Sunday, September 3, 2017

Pickle Snort and Other Troubles…



My son and I play this game where we hunt down monsters. The monsters might be at the end of dark hallway...or maybe between the bushes in the front yard...sometimes in the basement. Wherever they lurk it’s our job to draw them out. These guys have many names. Names like Slogwart or Zooglob, or Gloopity-Goo. Names not in the census. And boy do they get angry when we call them other names.

Other names like Pickle Snort, and Pea brain. Maybe Doggy Poo or Cat Breath. Whatever it takes to make a monster reveal himself so that we can zap him with our laser blasters.

Sounds like a good old time, right?

The only problem is that my kid is not yet five and apparently unable to differentiate when he’s supposed to turn off all the Gloopity-Goo talk.

The other day he said poop at school. And while poop is not the end of the world, it’s come to my attention that poop is on the words-not-to-say list at preschool.

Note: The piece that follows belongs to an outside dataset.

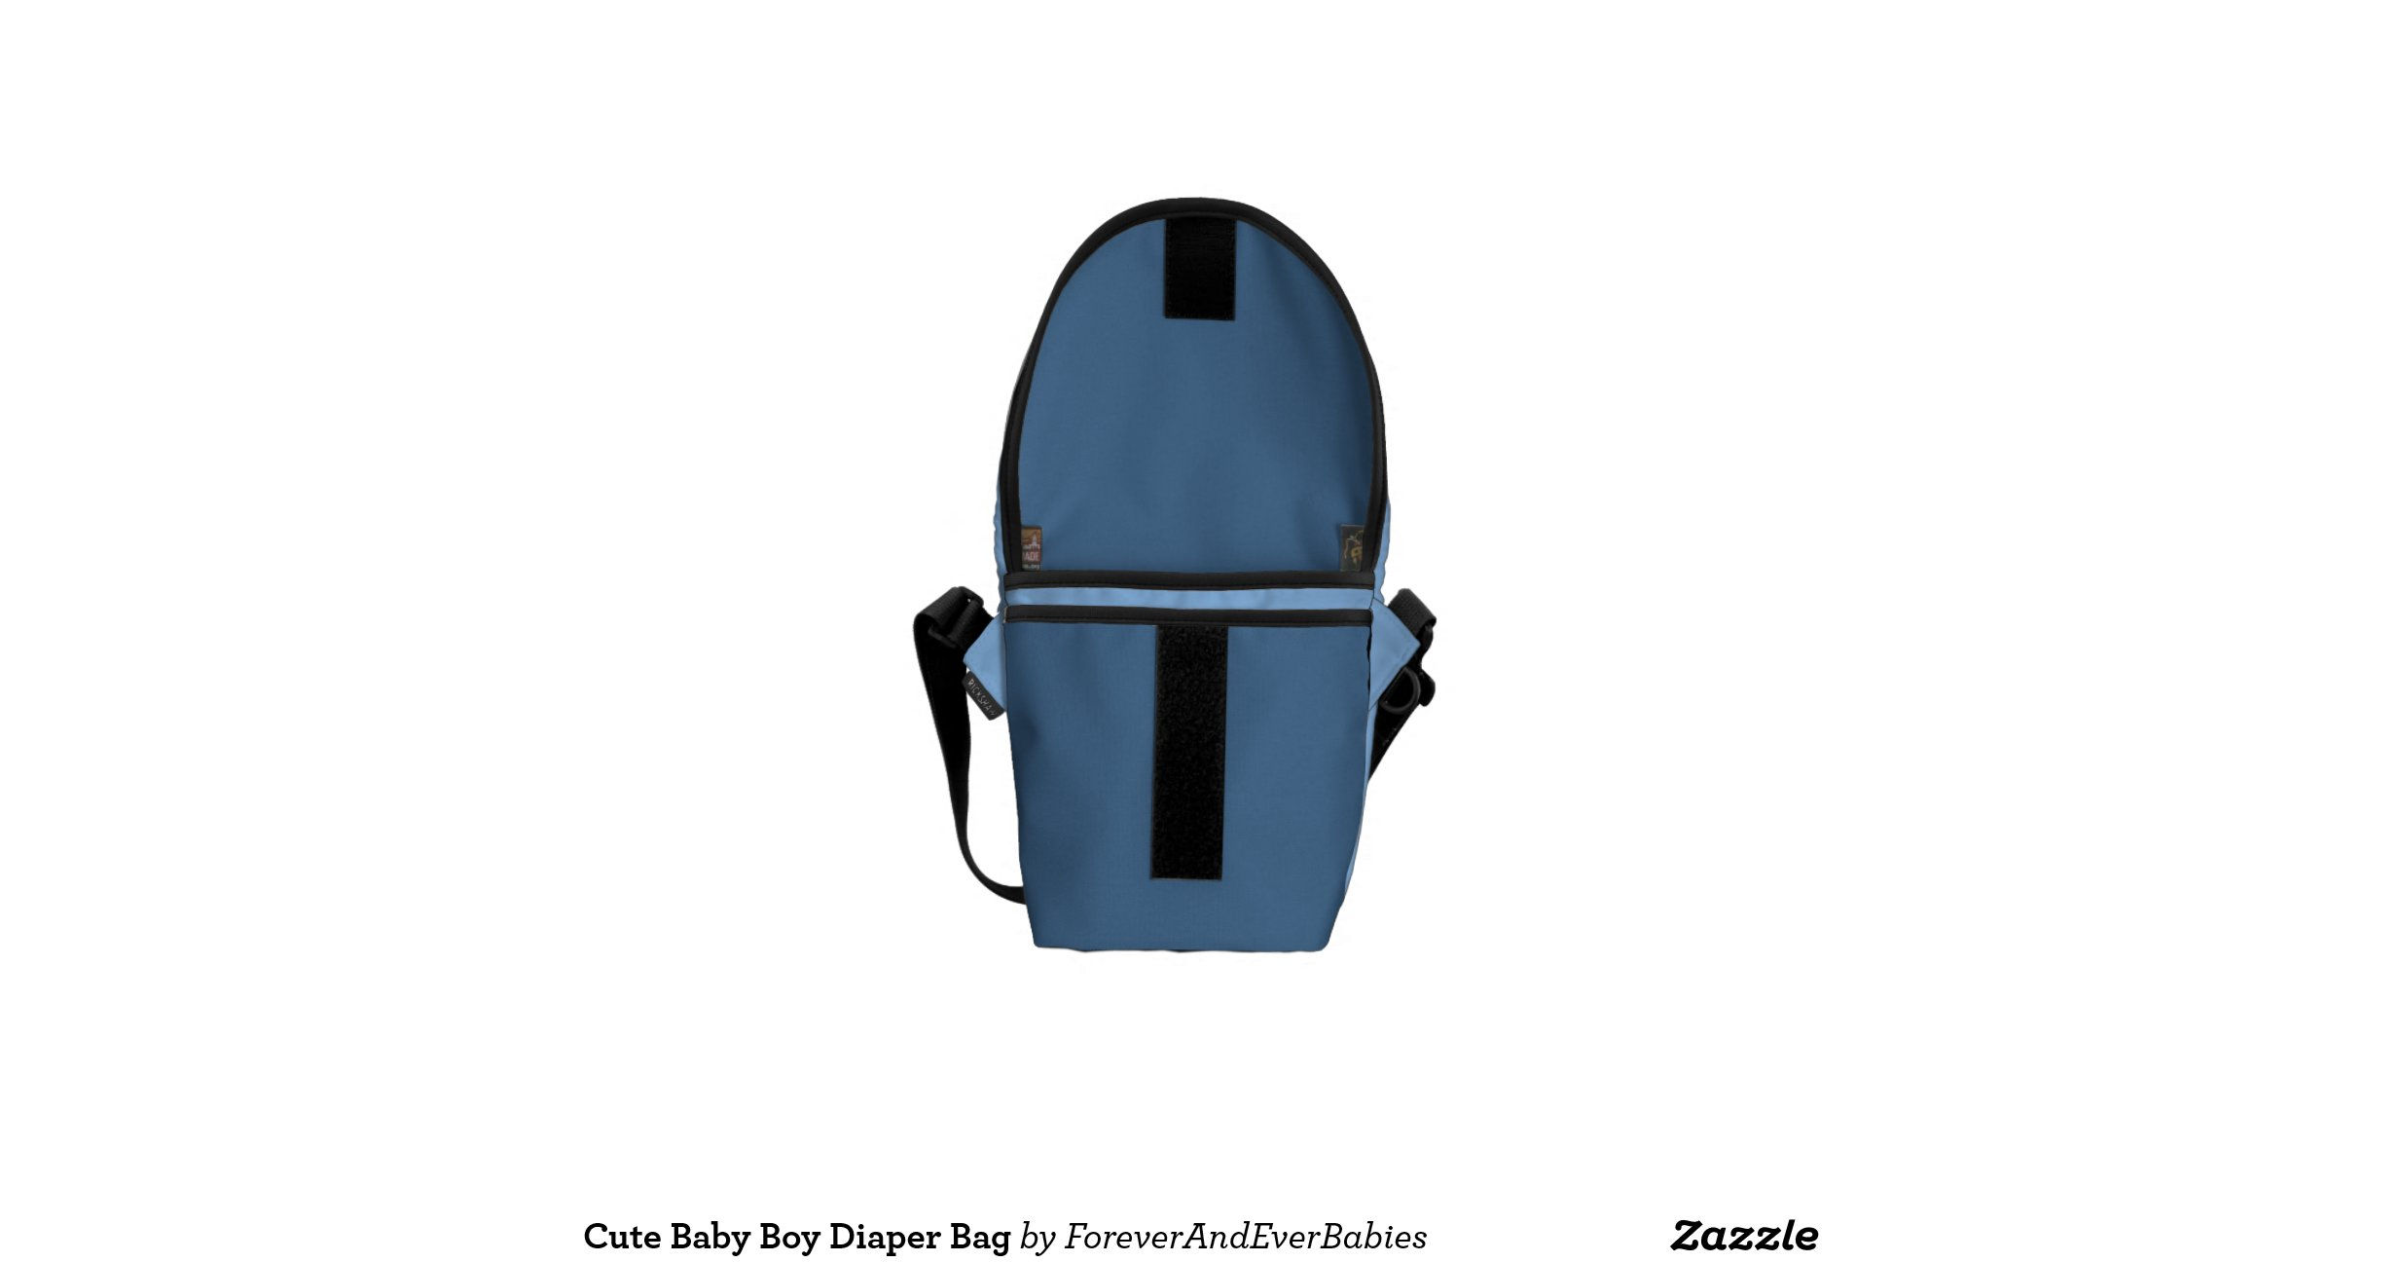 cute baby boy diaper bag courier bags zazzle. Black Bedroom Furniture Sets. Home Design Ideas

So yeah, bad Dad. (Can we say bad?) But where my wife is good at teaching games, telling those soothing stories before bed and knowing just what to say to draw out long conversations about feelings to get the most out of every interaction with our child, I’m good at poop jokes. Slapstick. Running into walls.

She’s Baby Einstein. I’m Barnum and Bailey.

It’s what we do. We laugh and play and yeah, we make up words. We chase monsters and play secret agent spies and clown around. I don’t have a lesson plan, I have fun.

That being said, the other day, we’re eating breakfast and I look over and my kid calls me a poop butt, only he says it in such an affectionate way that… well I guess you just had to be there. Anyway, I go to reprimand him but he beats me to it. He says, “I know I can’t say that at school.”

I nodded. Because yeah, I know he can’t say it at school. And I need to be more thoughtful of our time together. But watching him make up monsters and land on the moon and tromp around our front yard to chase made up lifeforms around trees, well, I gotta say, things could be worse than a few “naughty” words.

1 comment:

  1. Sounds like your son has a great imagination. Who knows maybe he'll grow up and become a great writer like you are.